While it seems that the way logically to do this is to

  • window the data, generating empty windows as well
  • select the last point in each window, with null if missing
  • de-window
  • fill

It fails since

  • de-windowing drops empty tables
  • empty windows generate tables without rows and even setting dummy values that are non-null do not work

Here is the code

t1 = from(bucket: “quandl”)
|> range(start: -2520d, stop: 0m)
|> filter(fn: (r) => r[“_measurement”] == “trade”)
|> filter(fn: (r) => r[“_field”] == “close”)
|> filter(fn: (r) => r[“sym”] == “IBM”)
|> window(every: 3h, createEmpty: true)
|> window(every: inf)
|> fill(column: “_value”,usePrevious: true)
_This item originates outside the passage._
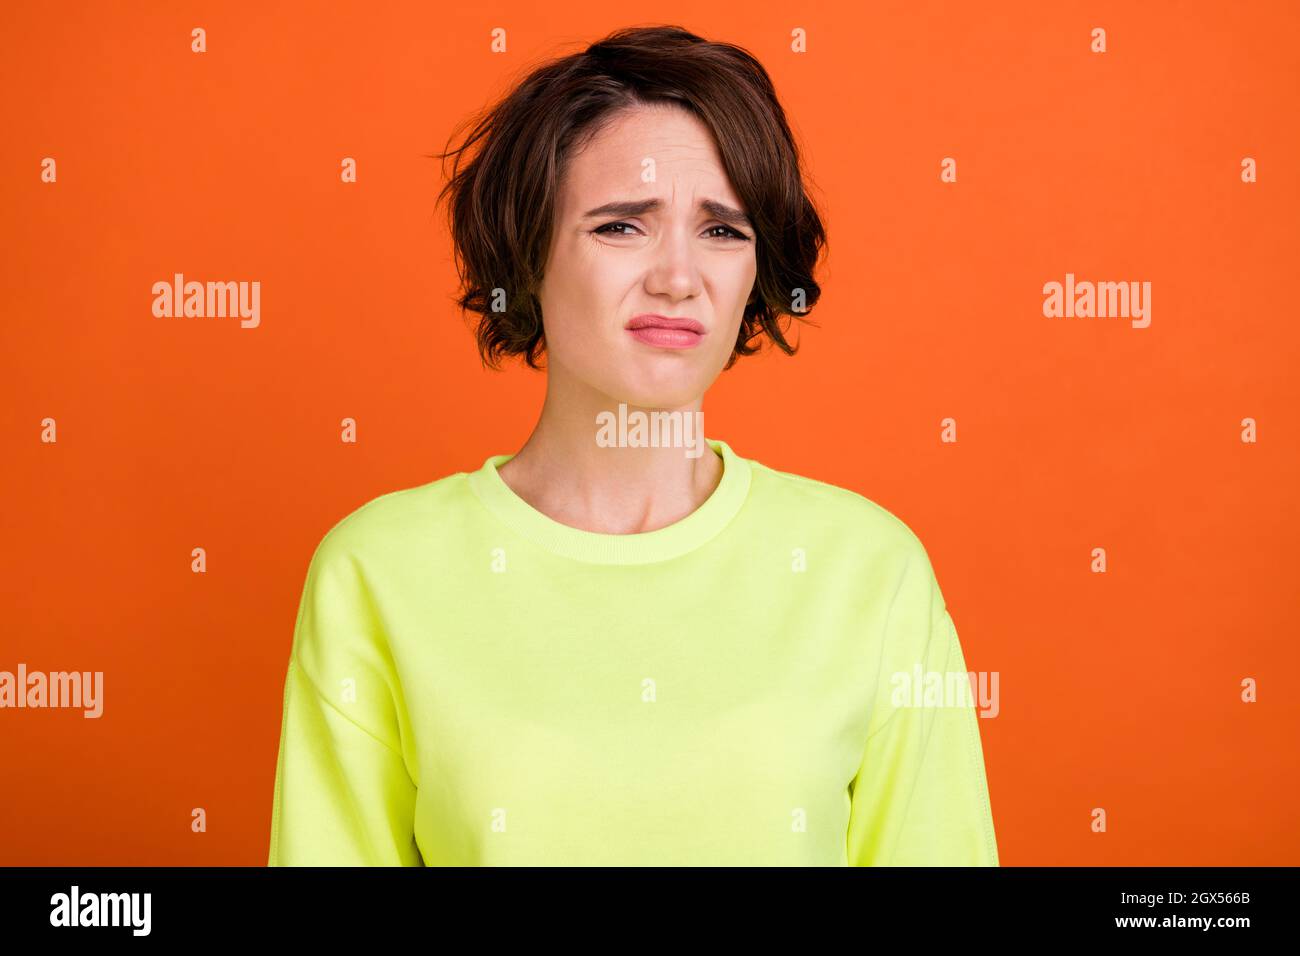 Foto von jungen braunen bob behaart unglücklich gestresst Frau schlechte Stimmung Grimasse isoliert auf orangen Hintergrund Stockfoto

I note empty tables have good default values, maybe possible to insert these as a row? It would also be great if a developer would update the post linked above with fluxlang examples.
Also, showing how to

– implement an as-of join on irregular time series
– align one series using as-of operation on an irregular time grid of a different series

both of which are critical for a strong timeseries language, would be extremely helpful.

See example:
https://pandas.pydata.org/pandas-docs/stable/reference/api/pandas.merge_asof.html

It seems you need to perform a fill with linear interpolation as is used by the blog post. This isn’t currently supported in flux but it is something that should be supported. We have an issue for looking at this: Spec fill/Interpolate function · Issue #436 · influxdata/flux · GitHub

For the current behavior, the selectors will unfortunately not generate a row. I think you can use a workaround though. I have created this issue to both document the difference in behavior and also document the workaround: Selectors do not insert a null row when used on an empty table · Issue #3064 · influxdata/flux · GitHub.

Thanks.

You need different asof schemes, linear is actually pretty undesirable in many applications due to causality concerns which are fatal in finance.